Question

Figure shows a network of capacitors where the numbers indicates capacitances in micro Farad. The value of capacitance C if the equivalent capacitance between point A and B is to be 1 $\mu F$ is :

• A. $\frac{32}{23}\mu F$
• B. $\frac{31}{23}\mu F$
• C. $\frac{33}{23}\mu F$
• D. $\frac{34}{23}\mu F$

Answer 1

The correct option is A $\frac{32}{23}\mu F$

Between points $E$ and $D$ :

$12\mu F$ and $6\mu F$ are connected in series, So replace them with a single capacitor $C^{\prime }$

$\therefore$ $C^{\prime }=\frac{12\times 6}{12+6}=4\mu F$

Now this $4\mu F$ is connected in parallel with another $4\mu F$ capacitor.

Equivalent capacitance between $E$ and $D$ $C_{ED}=4\mu F+4\mu F=8\mu F$

Now this $8\mu F$ is connected in series with another $1\mu F$ capacitor.

Equivalent capacitance between $R$ and $D$ $C_{RD}=\frac{1\times 8}{1+8}=\frac{8}{9}\mu F$

Between points $P$ and $Q$ :

Equivalent capacitance between points $P$ and $Q$, $C_{PQ}=2\mu F+2\mu F=4\mu F$

This $4\mu F$ is connected in series with another $8\mu F$ capacitor.
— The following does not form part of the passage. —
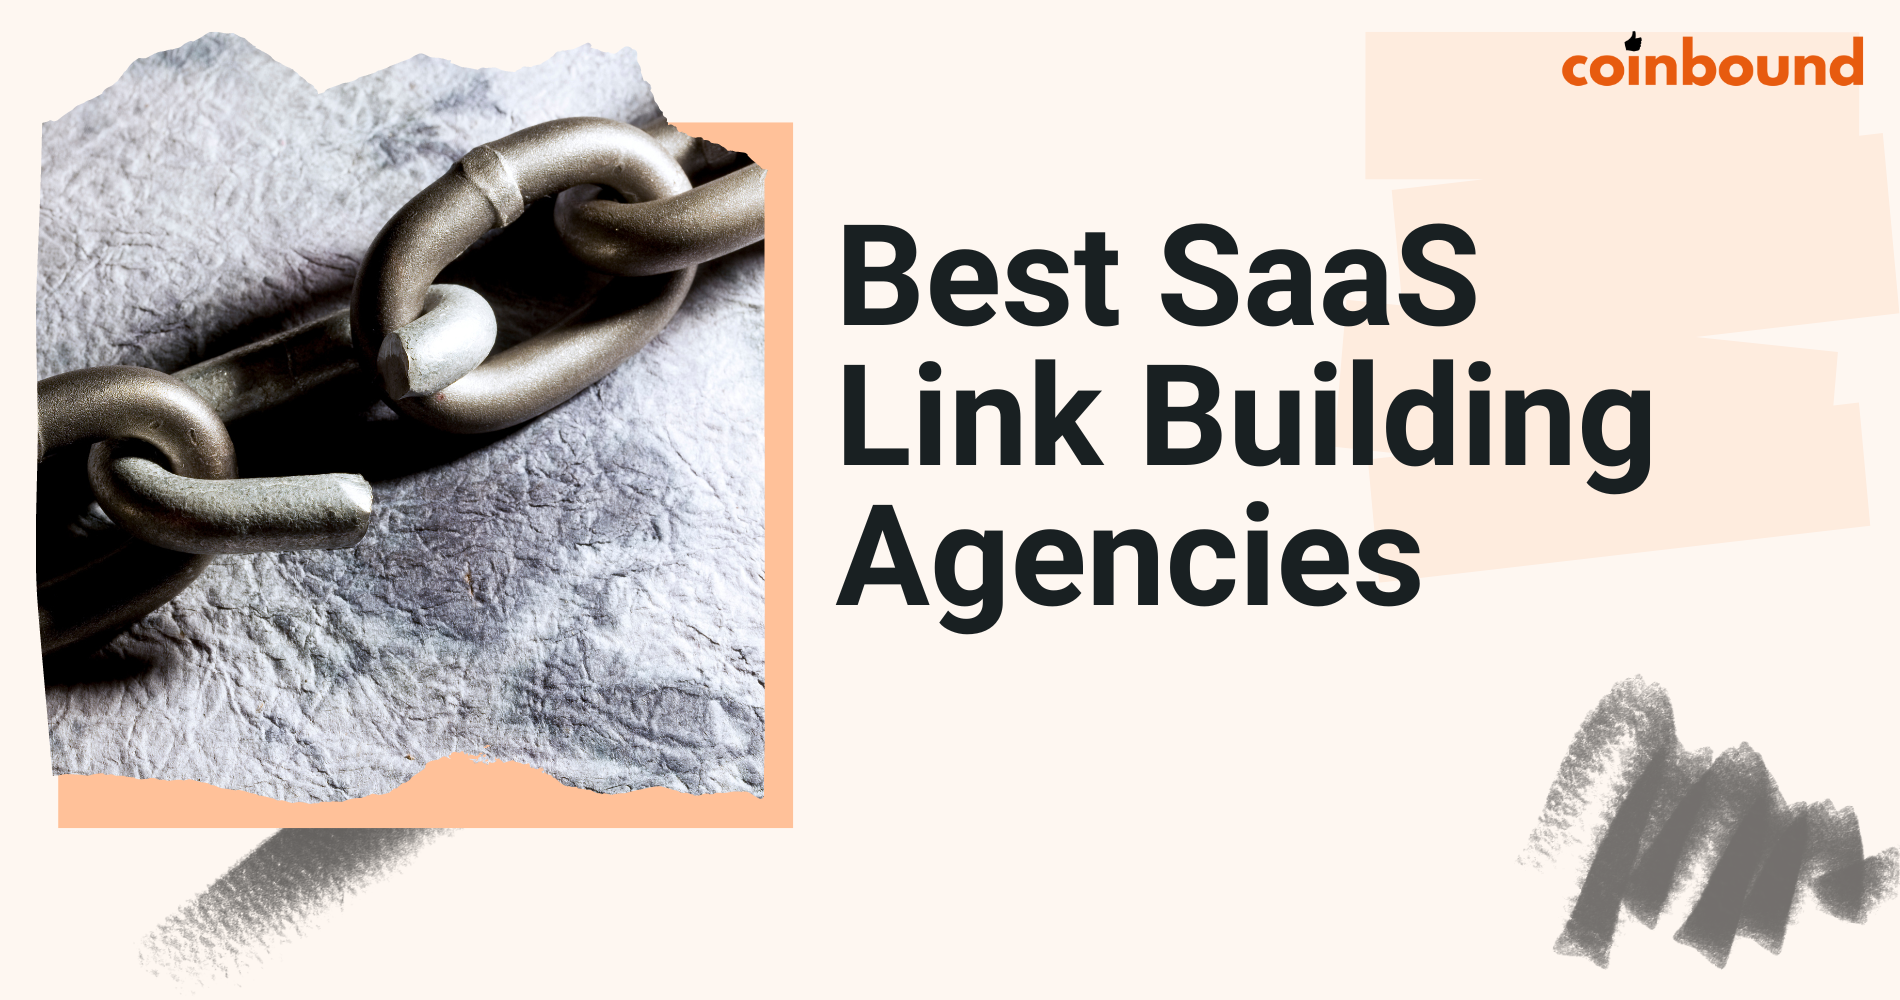 SaaS link building companies

Equivalent capacitance between $R$ and $Q$ $C_{RQ}=\frac{4\times 8}{4+8}=\frac{8}{3}\mu F$

Equivalent capacitance between $R$ and $B$ $C_{RB}=\frac{8}{3}\mu F+\frac{8}{9}\mu F=\frac{32}{9}\mu F$

Equivalent capacitance between $A$ and $B$ $C_{AB}=\frac{C\times \frac{32}{9}}{C+\frac{32}{9}}$

$\therefore$ $1\mu F=\frac{\frac{32}{9}C}{C+\frac{32}{9}}$ $⟹C=\frac{32}{23}\mu F$